(GIVEN DATA begins)

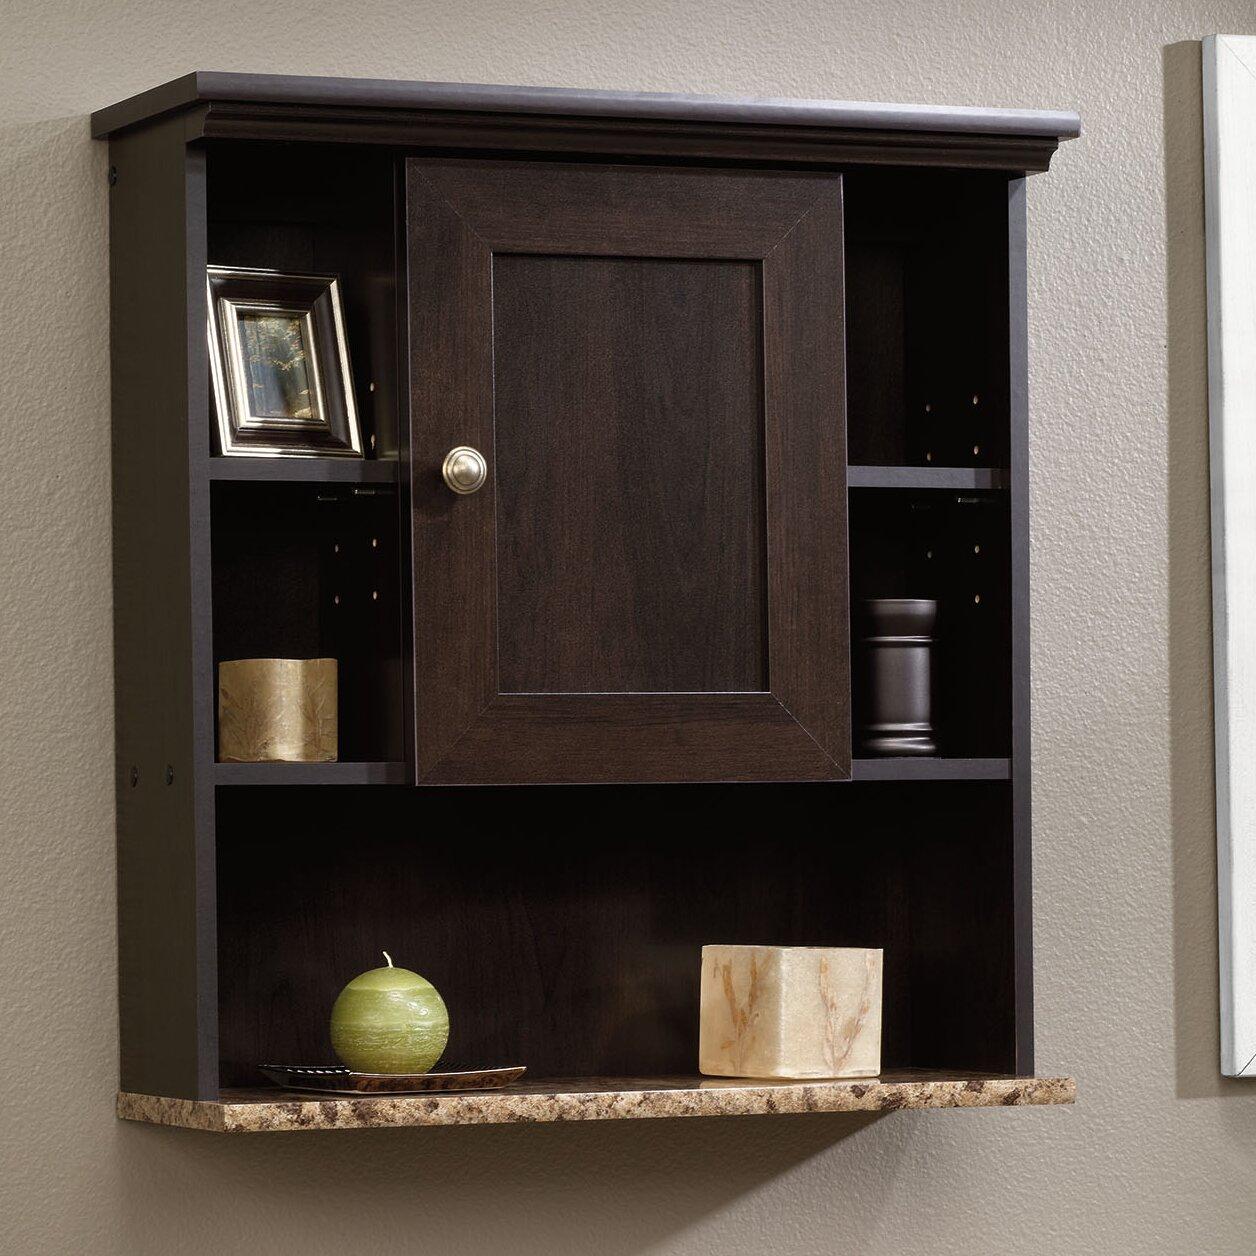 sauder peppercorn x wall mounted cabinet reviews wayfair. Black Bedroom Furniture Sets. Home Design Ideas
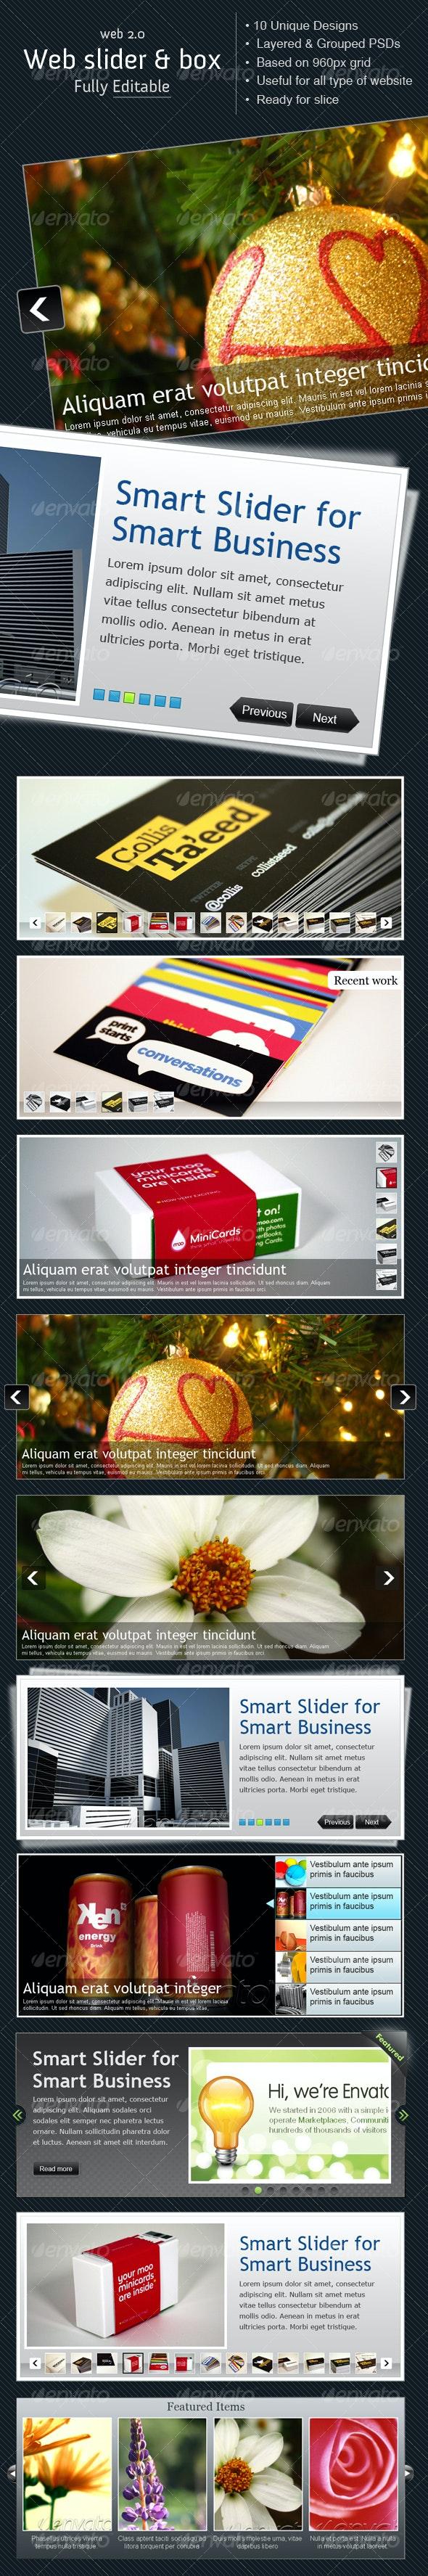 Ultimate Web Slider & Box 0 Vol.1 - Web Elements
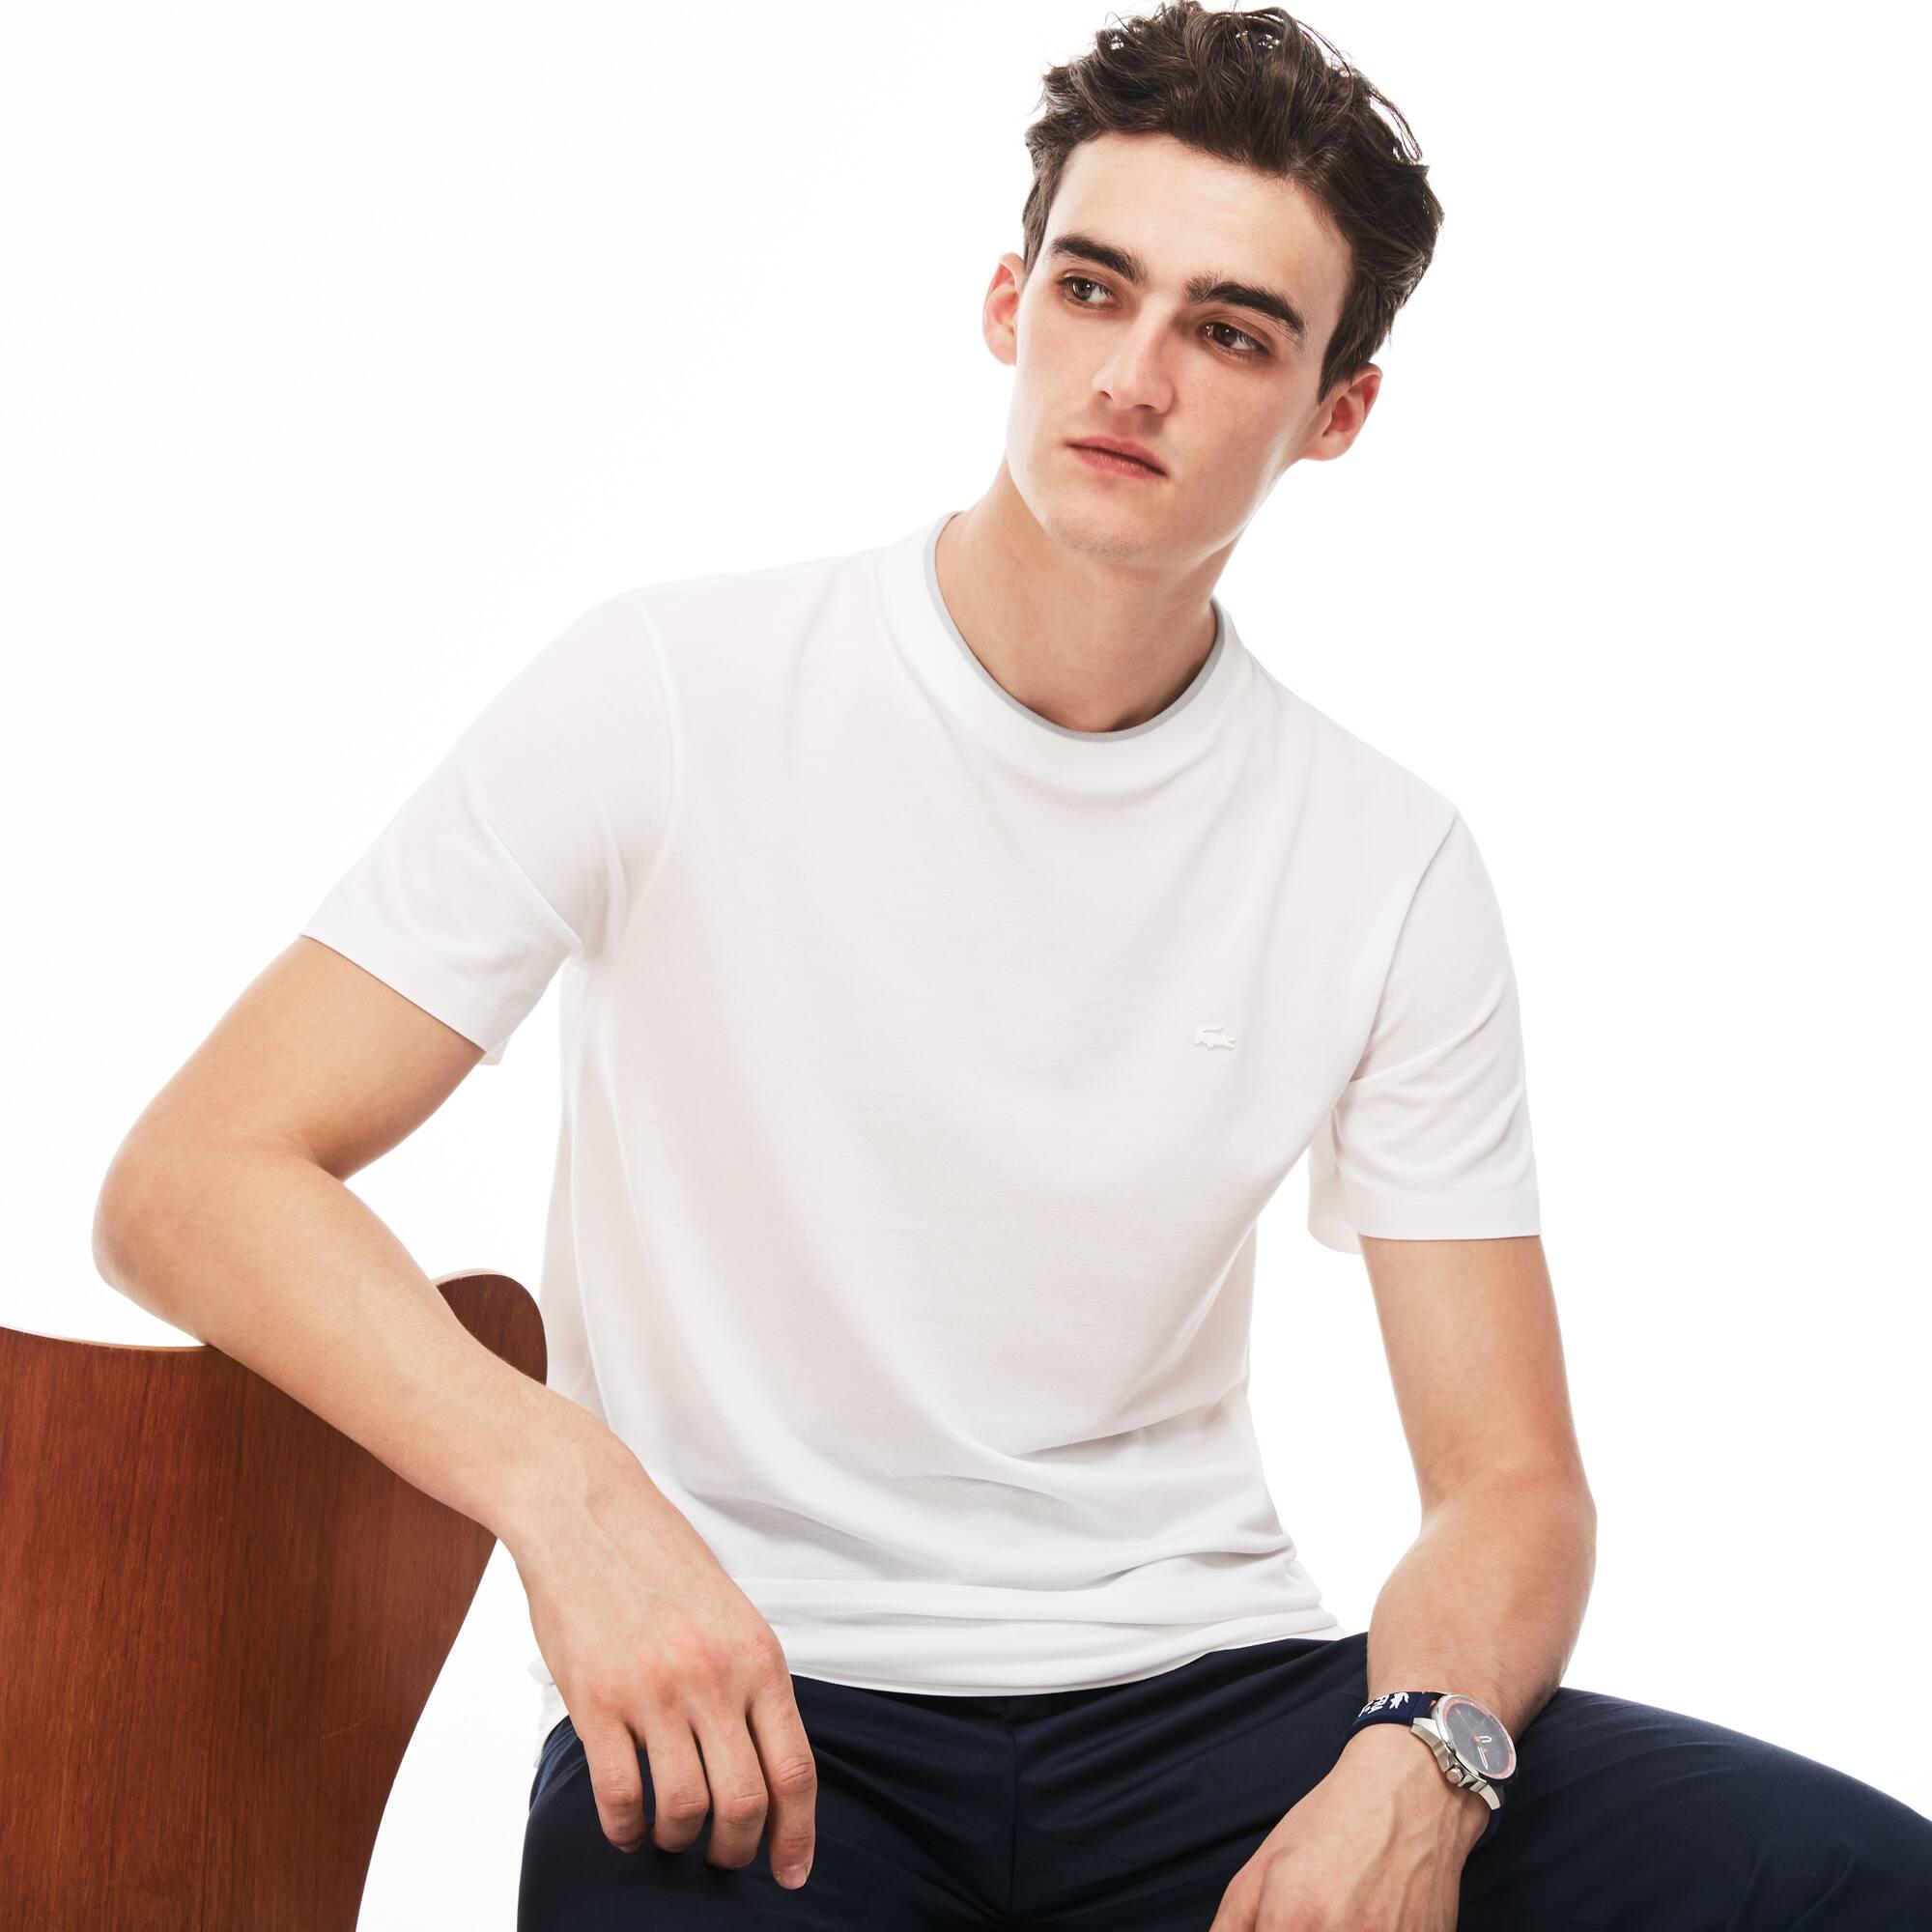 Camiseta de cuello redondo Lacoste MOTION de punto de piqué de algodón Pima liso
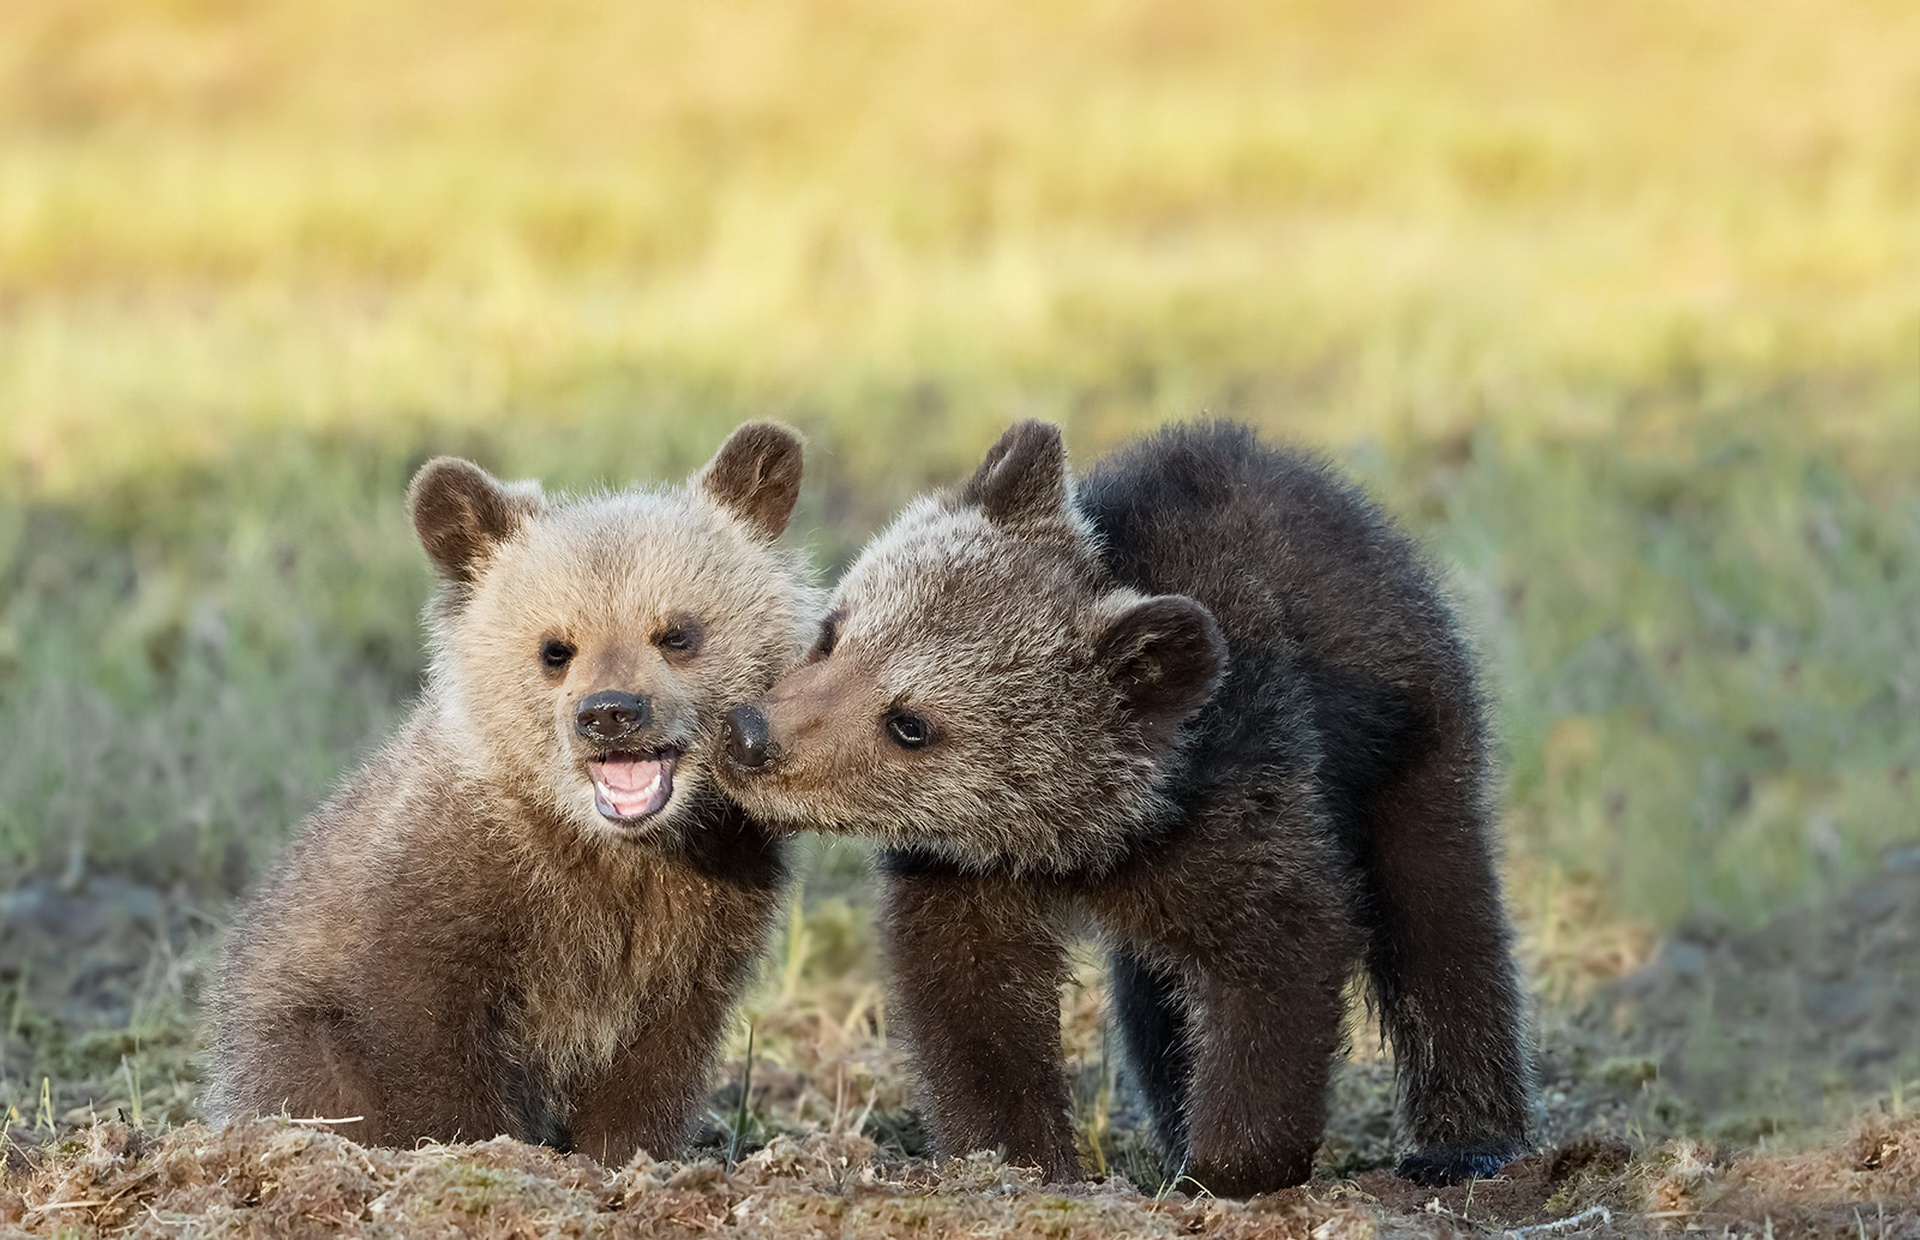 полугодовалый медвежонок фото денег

(GIVEN DATA ends)

== BRIEF ==
In the data above, the line containing "Camiseta de cuello" and all lines after it are to be reproduced exactly, leaving out the pictures.

== YOUR RESPONSE ==
 Camiseta de cuello redondo Lacoste MOTION de punto de piqué de algodón Pima liso
 полугодовалый медвежонок фото денег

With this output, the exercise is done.